Relato del comienzo de la metamorfosis de los Lakers

by Rodrigo Azurmendi
Reportero en español

EL SEGUNDO – Viernes, 5 de enero, con el reloj marcando las 9:40 de la noche.

Escenario: STAPLES Center.

Situación: Derrota ante los Charlotte Hornets, 48 horas después de perder por 37 puntos ante Oklahoma City Thunder en territorio propio. Los Lakers perdían por noveno partido consecutivo y caían a 11-27 en la tabla de posiciones.

“Estamos jugando como basura”, dijo Kyle Kuzma tras anotar apenas cuatro puntos.

Esa noche ni siquiera ayudó el regreso de Lonzo Ball, quien se había perdido seis partidos por una lesión en el hombro.

La paliza sufrida a manos de Kemba Walker y Dwight Howard representó el punto más bajo de la temporada para los dirigidos por Luke Walton, pero el calendario no daba respiro, ya que 48 horas más tarde vendría el partido que prometía marcar un antes y un después en el rumbo de la temporada.

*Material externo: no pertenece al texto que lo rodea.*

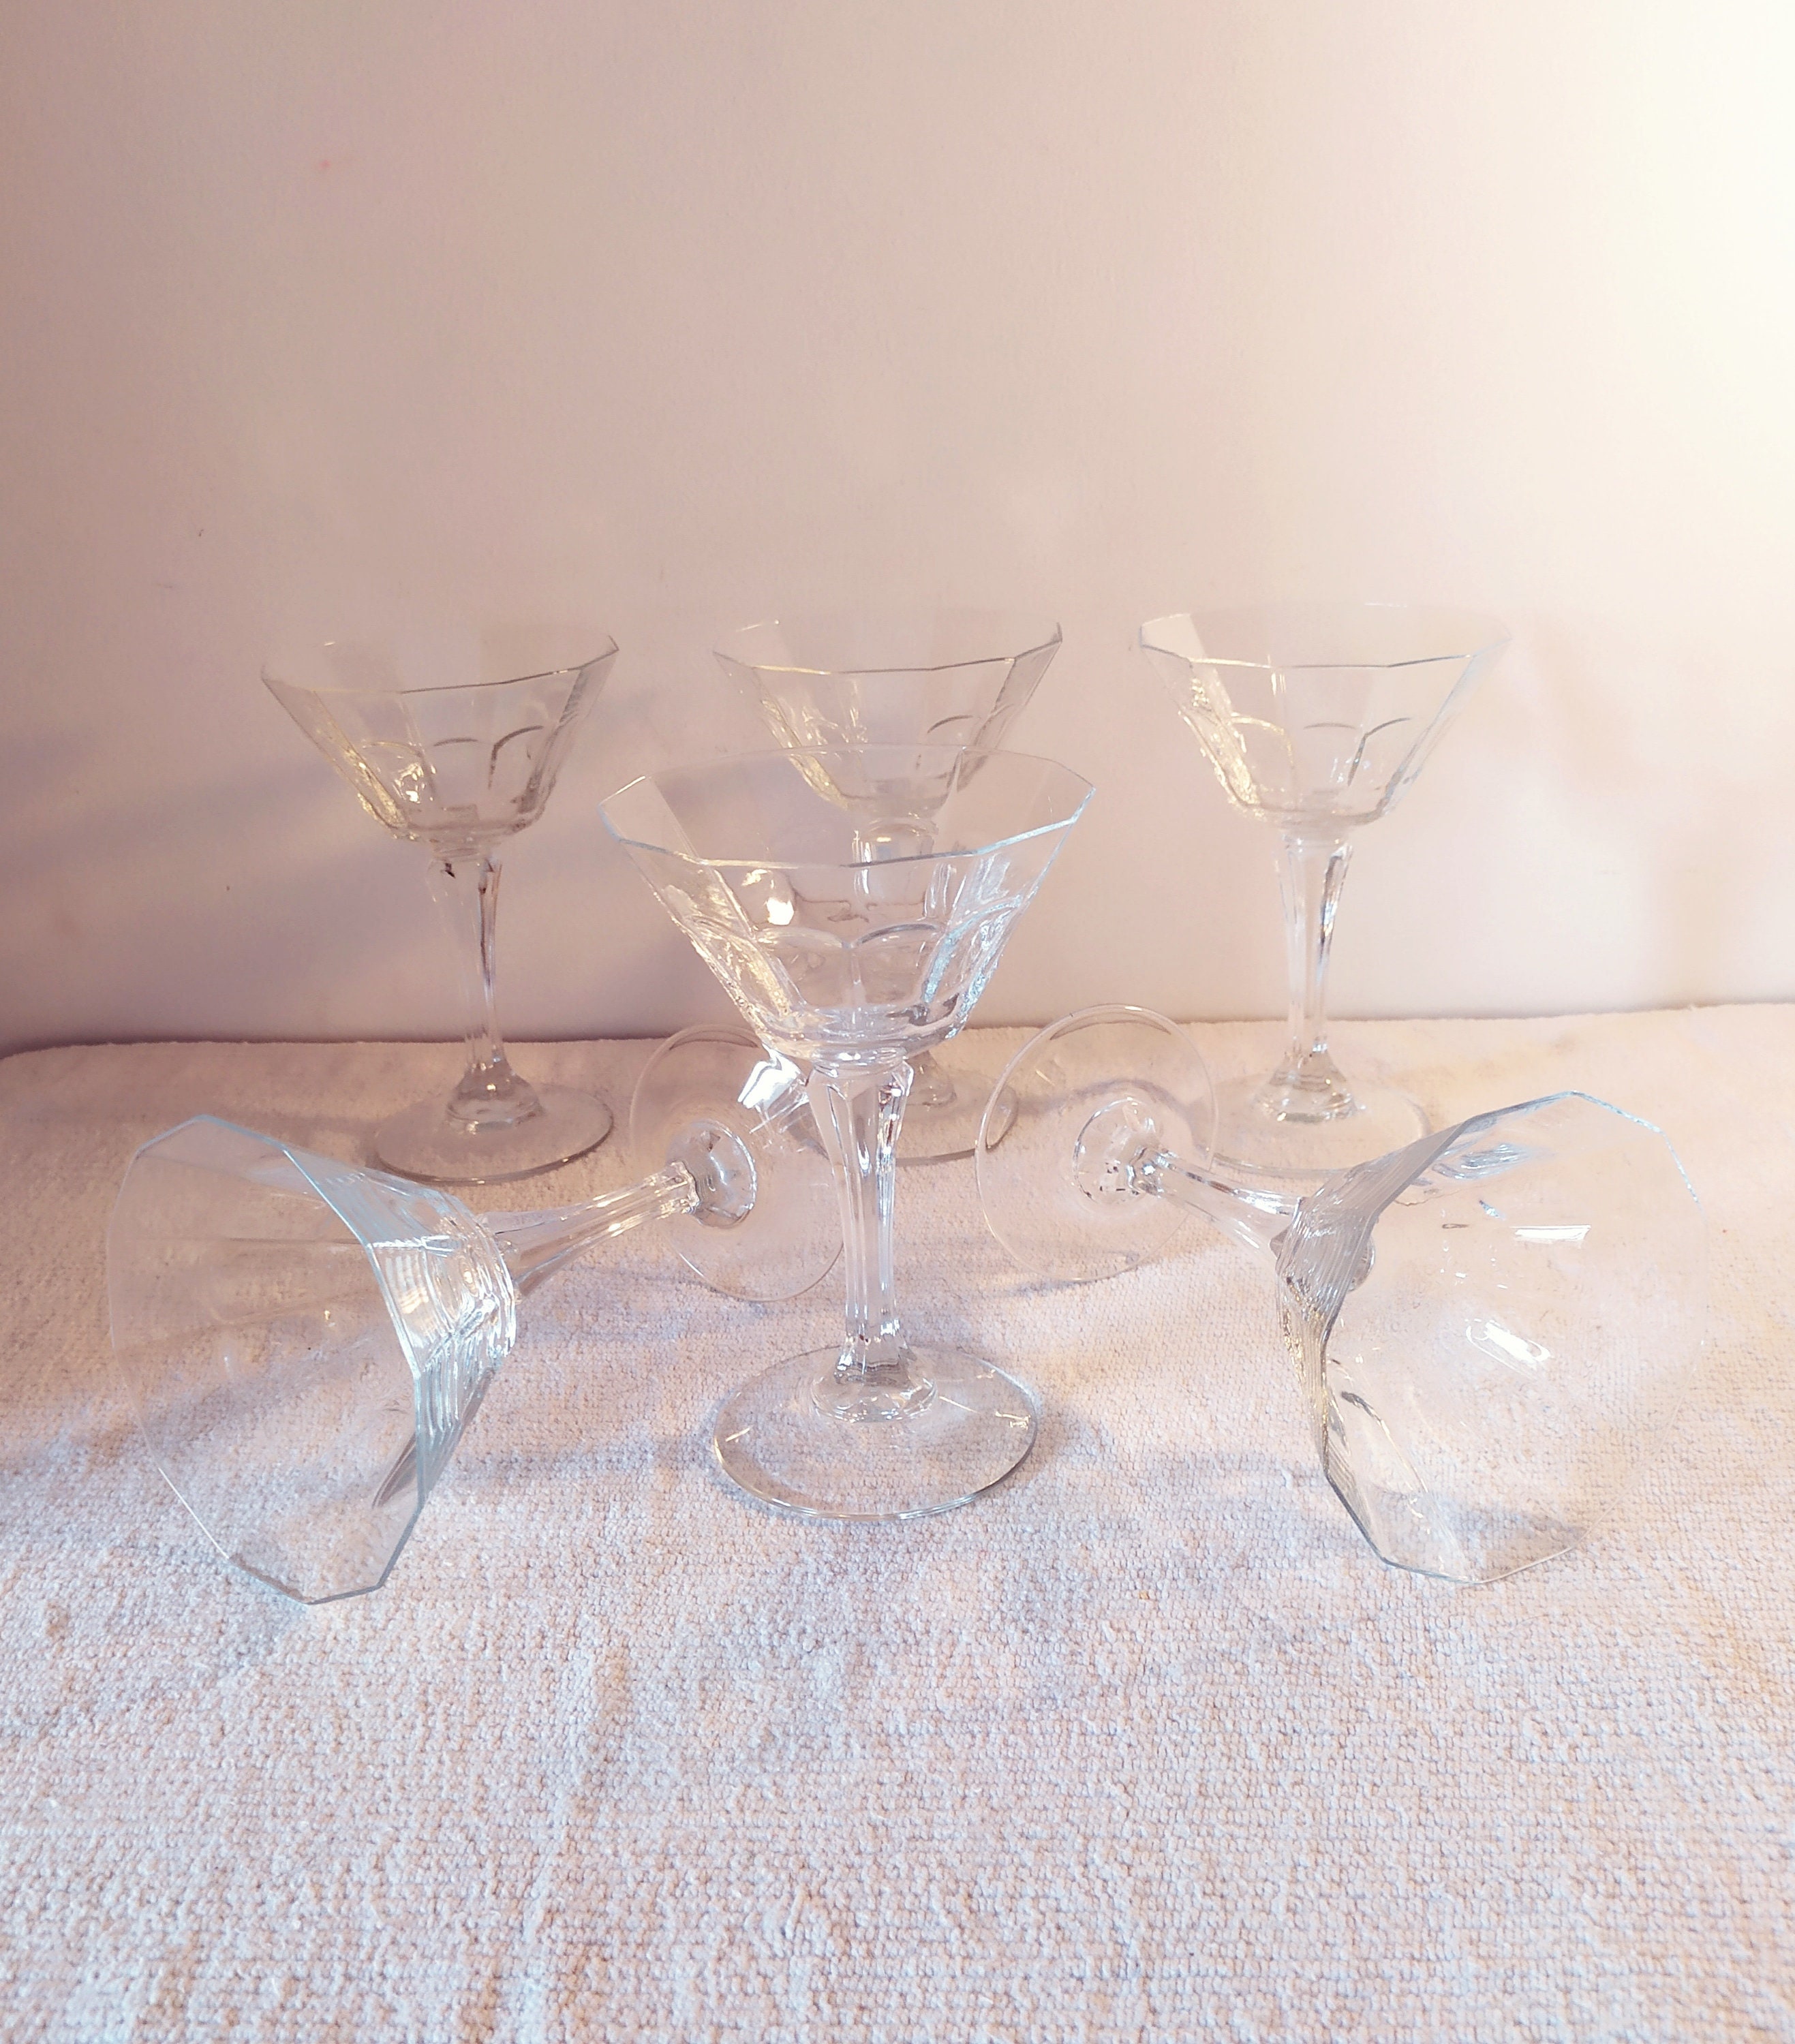 Coupes à Champagne.1960.x6.flutes Chapagne.champagne.verres Ancens.vaisselle Ancienne.vaisselle Fran

El rival era Atlanta Hawks, por entonces con marca de 10-29 – el único equipo separando a los laguneros del sótano de la NBA.

El marco no podía ser más extremo, ya que además una nueva derrota hubiera llevado a los de púrpura y dorado a igualar la peor racha perdedora de su historia – registro que algunos de sus jugadores ya habían vivido en carne propia en febrero de 2016.

FIN DEL SUFRIMIENTO

Un furioso segundo cuarto en el que los Lakers anotaron 37 puntos les permitió a los angelinos tomar el control del partido y encaminarse hacia una victoria que, vista ahora por el espejo retrovisor, acabó siendo un punto de inflexión.

En esa ocasión Ball rozó un triple-doble (13 puntos, 10 rebotes, seis asistencias), y conectó tres triples por segundo partido consecutivo – un claro presagio de lo que vendría.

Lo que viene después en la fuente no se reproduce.